Cumhurbaşkanı Ersin Tatar, Kıbrıs Türk Halkının eşit bir halk olarak görülmediği ve eşitlik temelinde bir çözüm kabul edilmediği sürece Kıbrıs’ta müzakereler için ortak zemin bulunamayacağını söyledi.
Cumhurbaşkanı Tatar, "Yeni ve resmi bir süreç için gereken ortak zemin ancak ve ancak egemen eşitliğimiz ve eşit uluslarası statümüzün teyit edilmesiyle bulunabilecek" vurgusu yaptı.
Cumhurbaşkanı Ersin Tatar, yarın BM Genel Sekreteri’nin Kişisel Temsilcisi Maria Angela Holguin Cuellar ile yapacağı görüşme öncesinde Türk Ajansı Kıbrıs’a değerlendirmede bulundu.
Cumhurbaşkanı Tatar, Holguin’in özel olarak kendisiyle görüşmek üzere Londra’ya geleceğini ifade ederek, Kişisel Temsilcinin Rum liderle de Brüksel’de görüştüğünü söyledi.
Tatar, Holguin’in görev süresinin dolmak üzere olduğunu ve kişisel temsilcinin çok yakın zamanda BM Genel Sekreteri’ne raporunu sunacağını ifade etti.

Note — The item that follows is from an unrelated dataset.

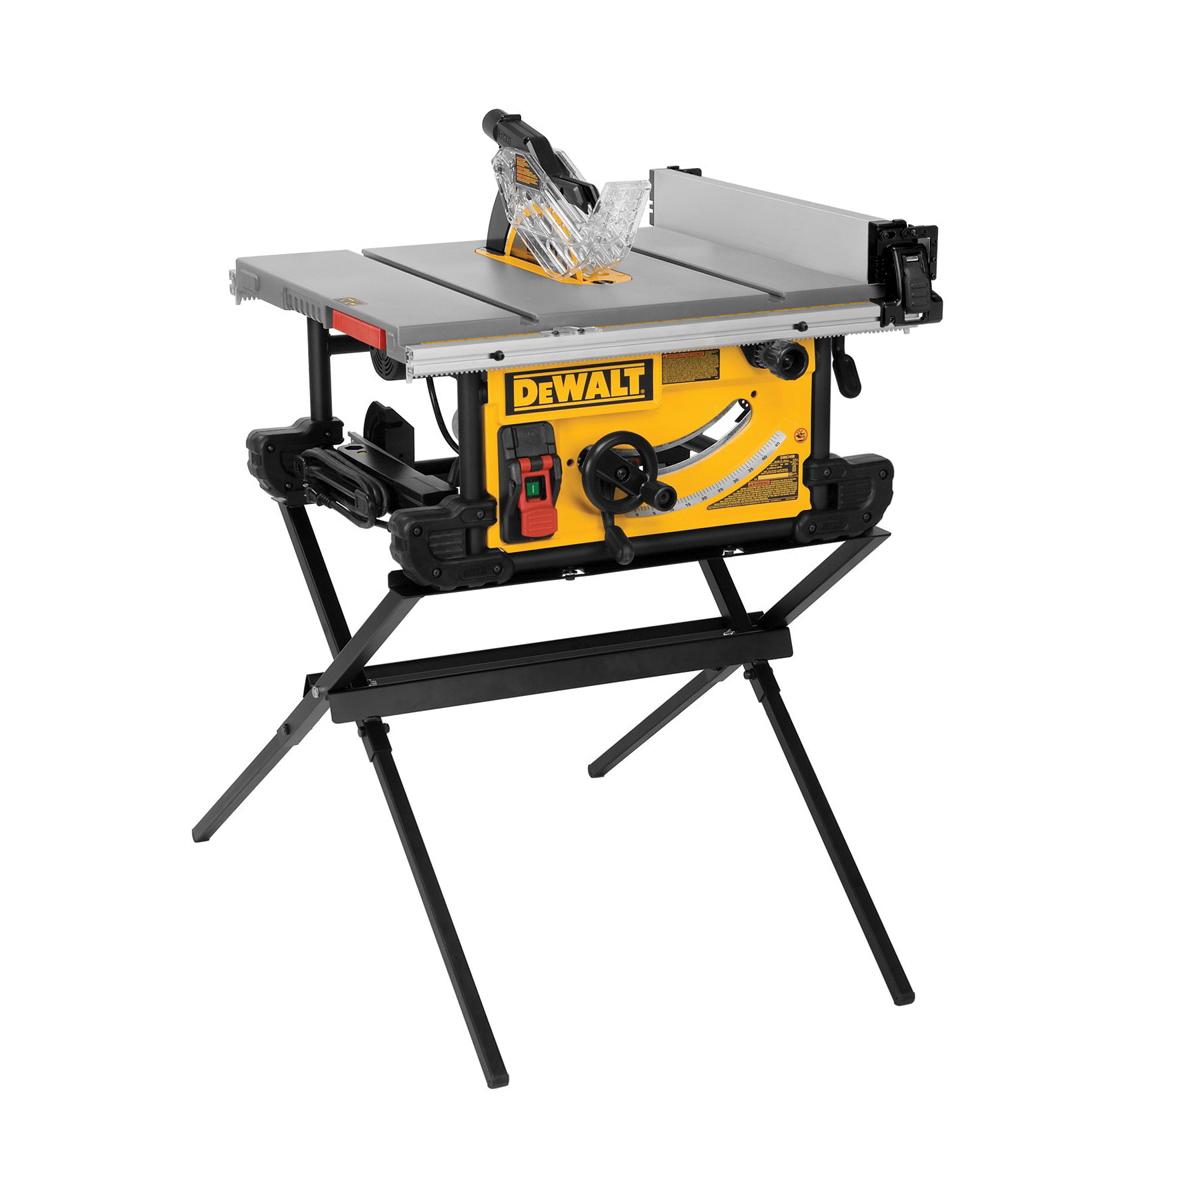 DeWALT® DWE7490X Jobsite Table Saw With Scissor Stand, 10 in Dia Blade, 5/8 in Arbor/Shank, 3-1/8 in 90 deg Capacity, 2 hp, Tool Only

Holguin’in 6 ay olarak onay verilen görevinin, Kıbrıs’ta yeni ve resmi bir sürecin başlayabilmesi için iki taraf arasında ortak zemin var mı yok mu konusunda görüşmeler yapmak olduğunu ifade eden Tatar, bu görev süresi içinde kişisel temsilciye gerçekleri aktardıklarını, kendisinin her kesimle görüştüğünü ve ortak zemin olmadığını gördüğünü kaydetti.
Kıbrıs Türk halkının egemen eşitliği ve eşit uluslararası statüsünün teyit edilmesine yönelik atılabilecek ilk adımları 3D olarak adlandırılan unsurlar olarak özetleyen Cumhurbaşkanı Tatar, 3D’lerin yani "doğrudan uçuş, doğrudan ticaret ve doğrudan temas" haklarının hayata geçmesinin önemine işaret ederek, Rumların Kıbrıs Türk Halkını eşit görmediğini, dayatama bir çözümle, eşitlik temelinde değil, kendi devletleri ekseninde bir çözüm istediğini belirtti.
Yarın yapılacak görüşmede de yapıcı bir tutumla Holguin’le durum değerlendirmesinde bulunacaklarını ifade eden Cumhurbaşkanı Tatar, Rum tarafının paylaşıma ve eşitliğe açık olmayan maksimalist tutumlarından dolayı Kıbrıs konusunun bugüne kadar çözümsüz kaldığını, Rum liderliğinin bugün de devam eden bu tutumunun Holguin tarafından da görüldüğünü düşündüğünü söyledi.